The lesion was eventually surgically removed in April 2013. A month later, Aiello developed a painful cyst on his lower back. Again, his repeated calls for medical attention allegedly went unheard. So much so that in October 2013, his attorney petitioned a judge on his behalf. "The circuit court judge ordered BSO medical to examine him and provide treatment," Prober tells New Times. "The order wasn't followed. He was ignored."

The lawsuit says Aiello's cyst wasn't removed until after he was released in January 2014. The complaint claims that not only did Armor misdiagnosis Aiello, but that his delayed treatment constitutes a civil rights violation.

"Armor is invested with the responsibility to provide the same standard of care as if the patient went to the hospital," Prober says. "This is way below the standard."

This isn't the first time Armor has been hit with charges stemming from patient care. The Miami-based company, which provides health services to jail systems around the state, has been named in numerous lawsuits. This includes a $1 million settlement involving a Tampa man who died in the Hillsborough County Sheriff's custody. Allen Daniel Hicks Sr. was left alone for 36 hours while suffering a deadly stroke. Armor was also targeted by the family of a mentally ill Broward man who died in BSO custody in 2012.

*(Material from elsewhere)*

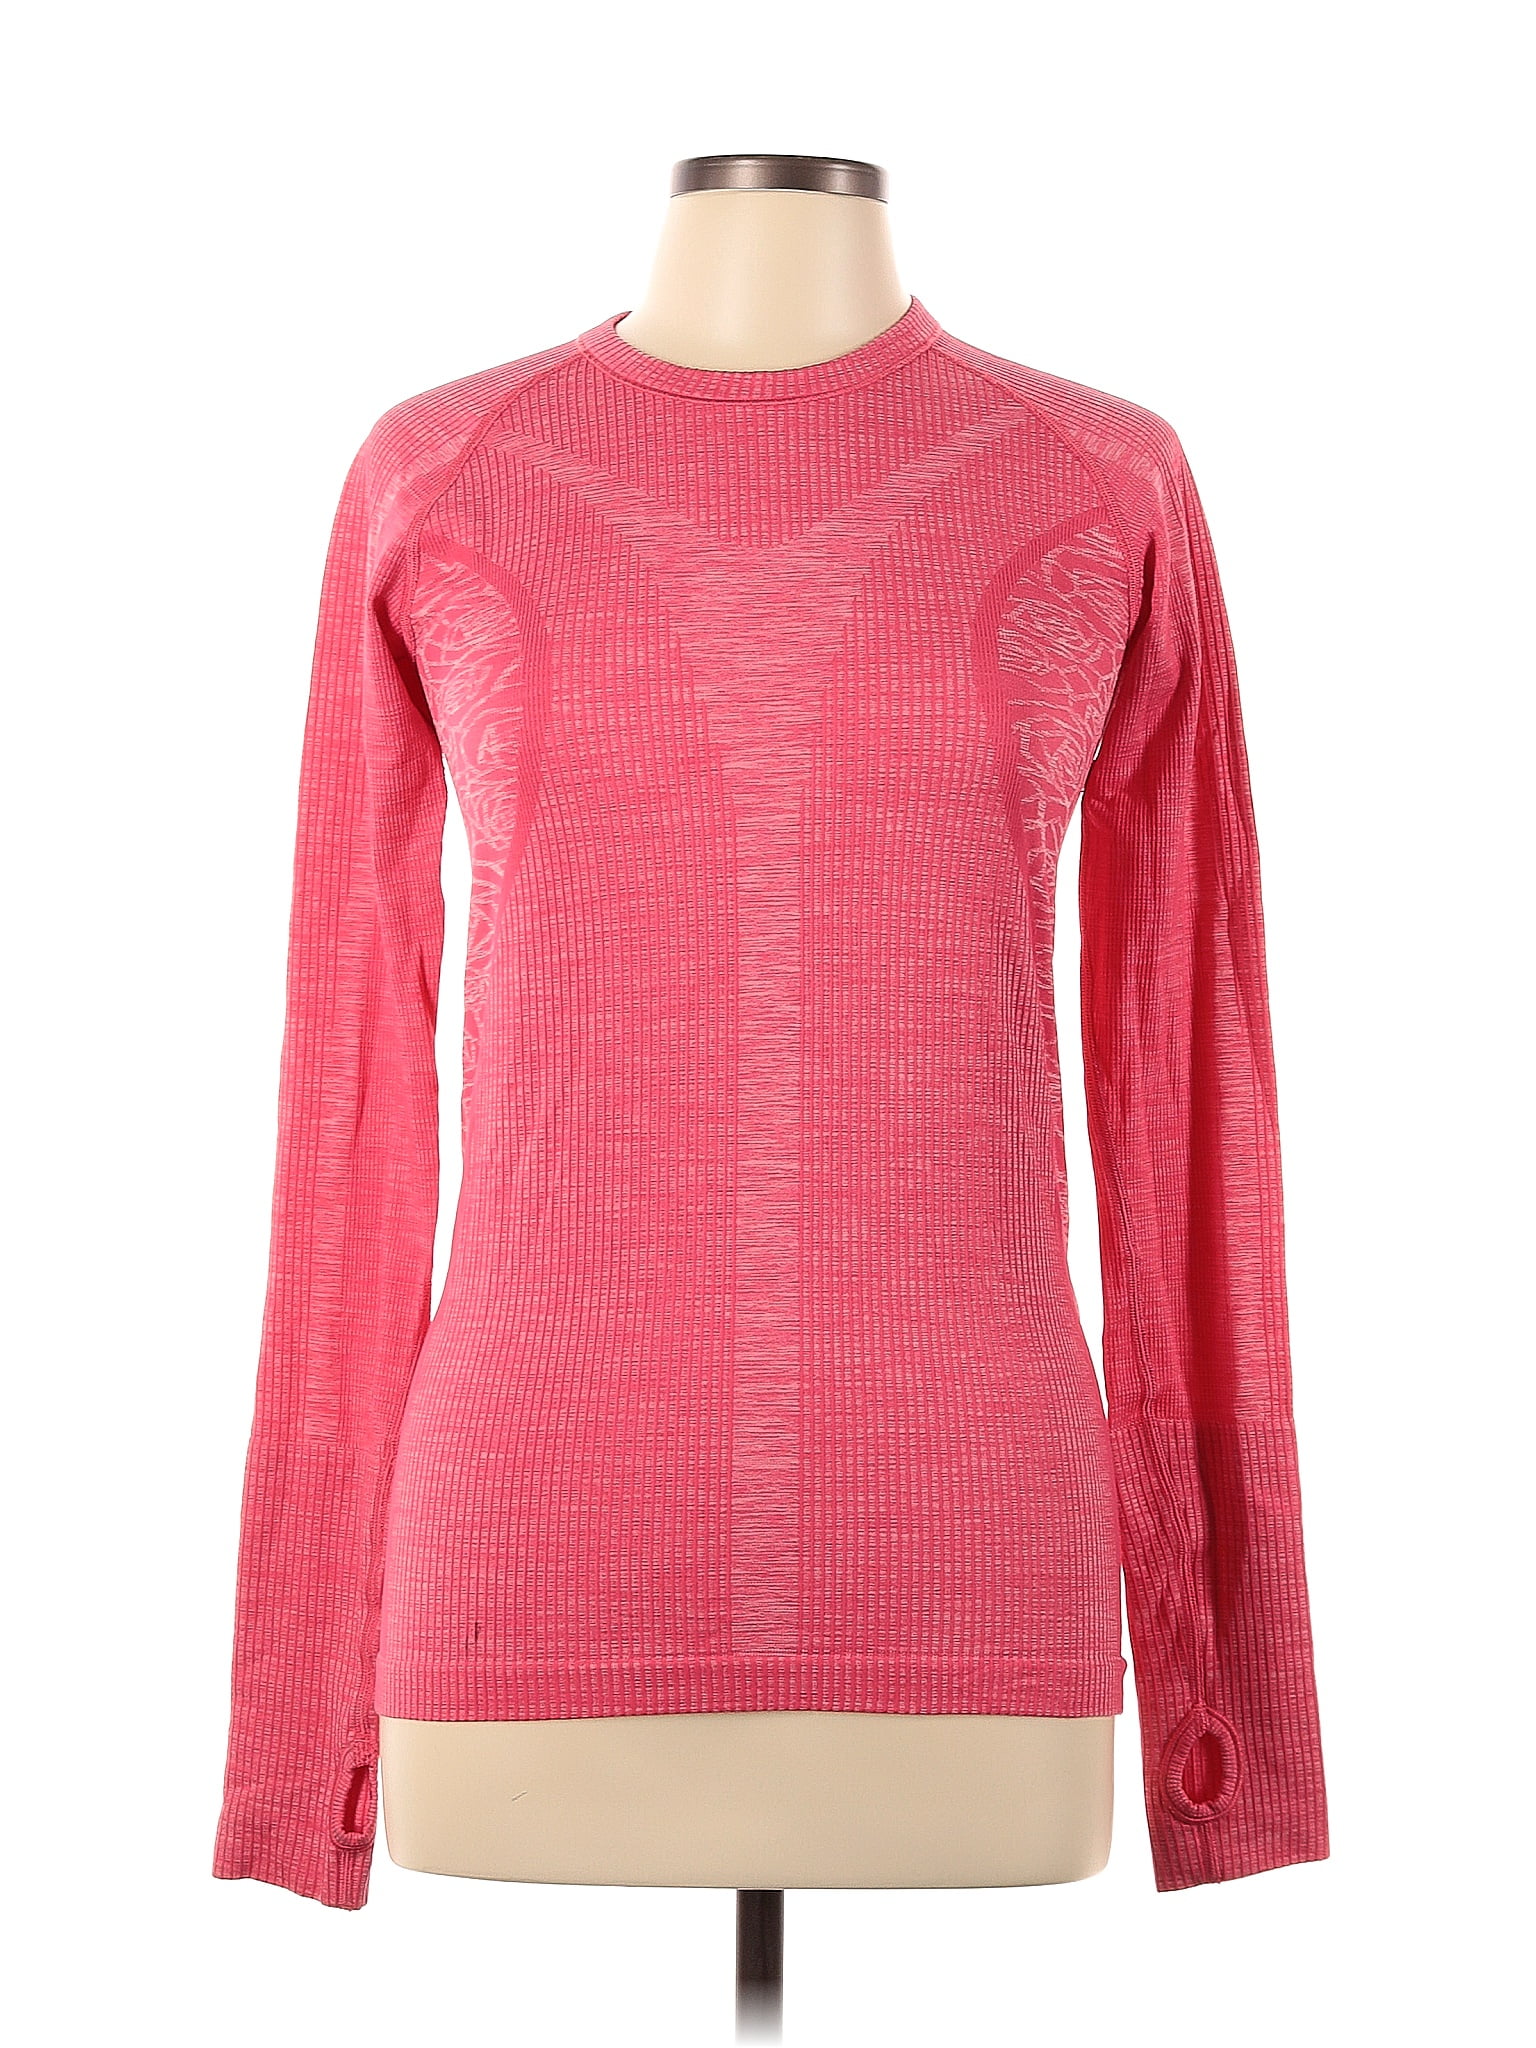 Lululemon Athletica Pink Red Active T-Shirt Size 10 - 45% off

This track-record, however, didn't keep BSO from renewing the well-connected Armor's contract in February 2014.

BSO declined to comment on the pending litigation. A representative for Armor sent along the following statement:

Armor Correctional Health Service's policy is to strictly adhere to medical protocols for individual situations, diagnoses and incidents. Due to Federal HIPAA regulations and the filed litigation, we cannot comment specifically on the patient's case but our medical records certainly do not confirm what is alleged.